En buena parte del territorio español rige el llamado Derecho civil común, y en él existe la figura de la legítima
Acudir a la notaría para hacer testamento suena es imprescindible para facilitar las cosas a tus descendientes, y sobre todo, para tener la última palabra sobre todo lo que uno ha construido en vida. La casa, los ahorros, ese piso que se compró con esfuerzo hace treinta años, el apartamento de la playa... El hecho de planificar la herencia permite decidir qué hacer con los bienes, y qué se deja a cada uno.
Aún así, esa es un poco la teoría. Porque luego, en la práctica, la legislación española pone límites a esa libertad. Y esos límites existen aunque el testamento diga otra cosa. Es algo que muchas personas descubren tarde, normalmente cuando ya se han hecho gestiones que no tienen marcha atrás.
Qué son los herederos forzosos y por qué existen
En buena parte del territorio español rige el llamado Derecho civil común, y en él existe la figura de la legítima: una parte de la herencia que la ley reserva de forma obligatoria a determinados familiares, los herederos forzosos, con independencia de lo que el testador quiera hacer con sus bienes. La notaria María Clemente ha abordado esta cuestión en sus redes sociales respondiendo a una de las dudas que más le plantean sus clientes: "¿Es que ni muertos vamos a poder decidir qué hacer con nuestros bienes? Pues sí, la respuesta es que ni muertos".
El Código Civil establece con bastante claridad quiénes ocupan ese lugar de herederos forzosos. Según explica la notario, "en territorios de Derecho Común, son los hijos y los nietos de los hijos fallecidos con respecto de los padres".
Para los que fallezcan sin hijos, Clemente señala que "serán los padres y los abuelos , y en todo caso, el cónyuge viudo, aunque no tengan hijos en común y aunque estéis casados en separación de bienes".
Navarra y otros territorios, un caso aparte
Lo que complica un poco el panorama es que España no tiene una única regla en materia de herencias. Existen derechos civiles forales que se apartan del régimen común, y entre ellos la propia notaria señala el caso de Navarra como uno de los más singulares.
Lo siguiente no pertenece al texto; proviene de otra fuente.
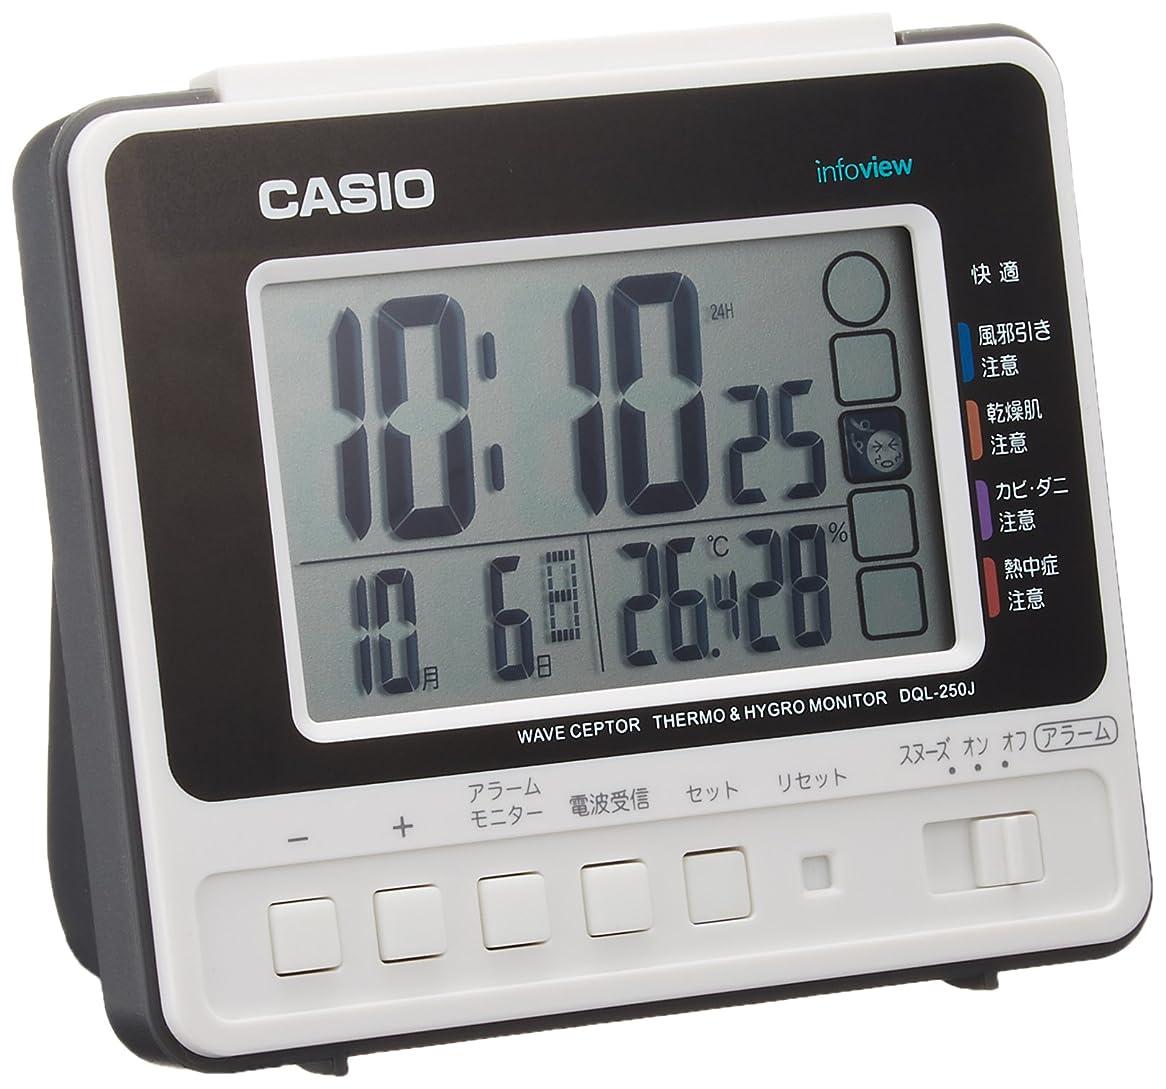 鏡苦痛フラップカシオ デジタル生活環境お知らせ電波目覚まし時計 日付表示 温?湿度表示付 DQL-250J-7JF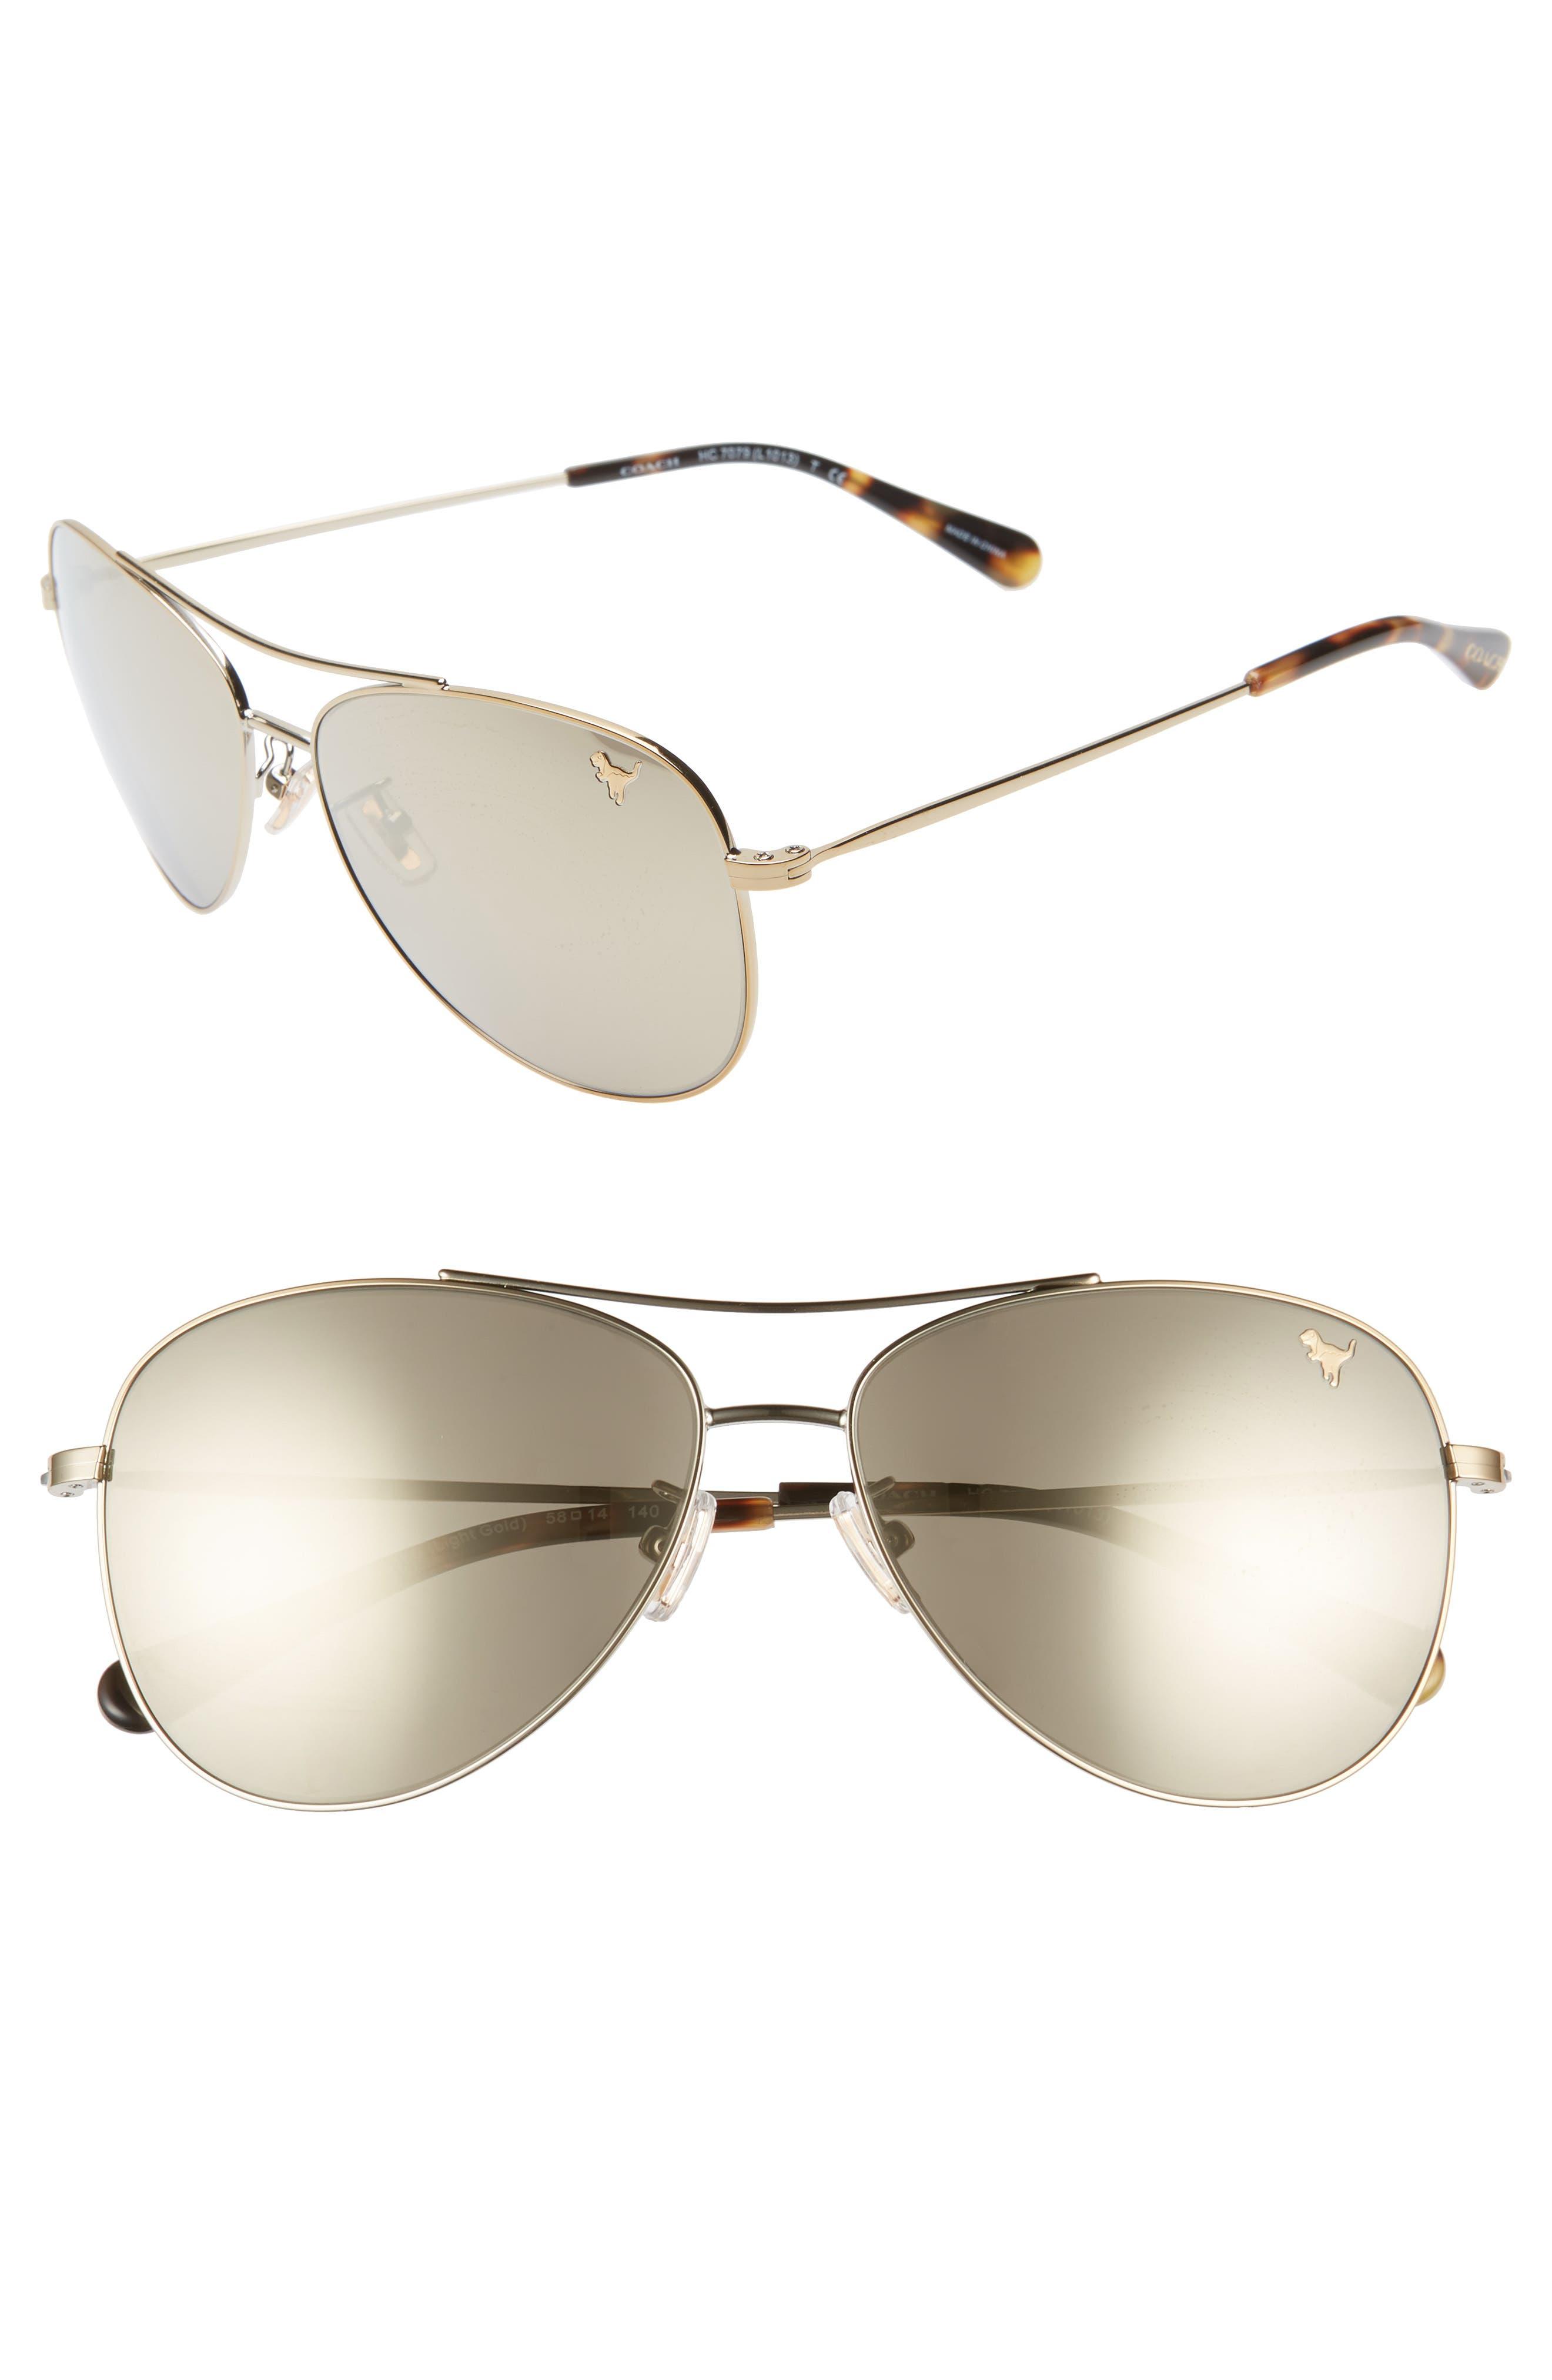 cf3704fc3 best price coach mirrored sunglasses cf8a7 00adc

Allí la legítima foral no tiene ese carácter de derecho patrimonial exigible que sí tiene en el resto del país, y las reglas sucesorias se apartan bastante de lo que marca el Código Civil. Esto quiere decir, en la práctica, que la vecindad civil o el territorio donde resida habitualmente el fallecido pueden cambiar por completo cómo se reparte una herencia, algo que conviene tener presente antes de dar nada por sentado.
La parte que corresponde a los hijos y la posición del cónyuge
Cuando hay hijos o descendientes, dos tercios de la herencia quedan reservados por ley para ellos. De esos dos tercios, uno puede usarse para mejorar la parte de algún hijo en concreto, mientras que el tercio restante sí queda a libre disposición del testador. Si no hay descendientes, son los padres o ascendientes quienes entran en juego con sus propios derechos legitimarios.
El cónyuge viudo, por su parte, tiene también derechos reconocidos, pero estos se articulan como un usufructo, no como propiedad plena, y su alcance varía según con quién concurra en la herencia. A esto hay que sumarle que, de nuevo, los territorios con Derecho civil propio pueden aplicar reglas distintas, así que el lugar de residencia habitual y la vecindad civil vuelven a ser factores determinantes.
Por qué intentar esquivar la legítima no suele funcionar
A la hora de anticipar la herencia, es habitual en muchas familias que surja la tentación de buscar atajos: donar en vida todos los bienes a un solo hijo, por ejemplo, para dejar sin margen de reclamación a los demás. La notaria es tajante al respecto: "Ni se os ocurran atajos, que en Derecho suelen tener las salidas cortadas".
En este sentido, la propia ley pone coto a este tipo de maniobras. El artículo 636 del Código Civil establece que nadie puede dar ni recibir por donación más de lo que podría dar o recibir por testamento, y cuando una donación supera esa medida, se considera inoficiosa en el exceso. Determinar si una donación concreta perjudica a los legitimarios exige, en muchos casos, revisar el conjunto de la sucesión y las circunstancias particulares de cada familia, así que no es un cálculo que se pueda improvisar sin asesoramiento.
Planificar con testamento, la vía que recomienda la notaria
Frente a la búsqueda de fórmulas para sortear la ley, la propuesta de María Clemente recomienda planificar con tiempo y acudir a una notaría. "La solución pasa por tomar conciencia de la realidad y acudir a tu notaría de confianza y otorgar un testamento", zanja.
En este punto, es fundamental entender cómo funciona la legítima antes de tomar decisiones para evitar disgustos y, sobre todo, para evitar que una parte de la familia acabe reclamando judicialmente lo que la ley ya le reservaba de entrada.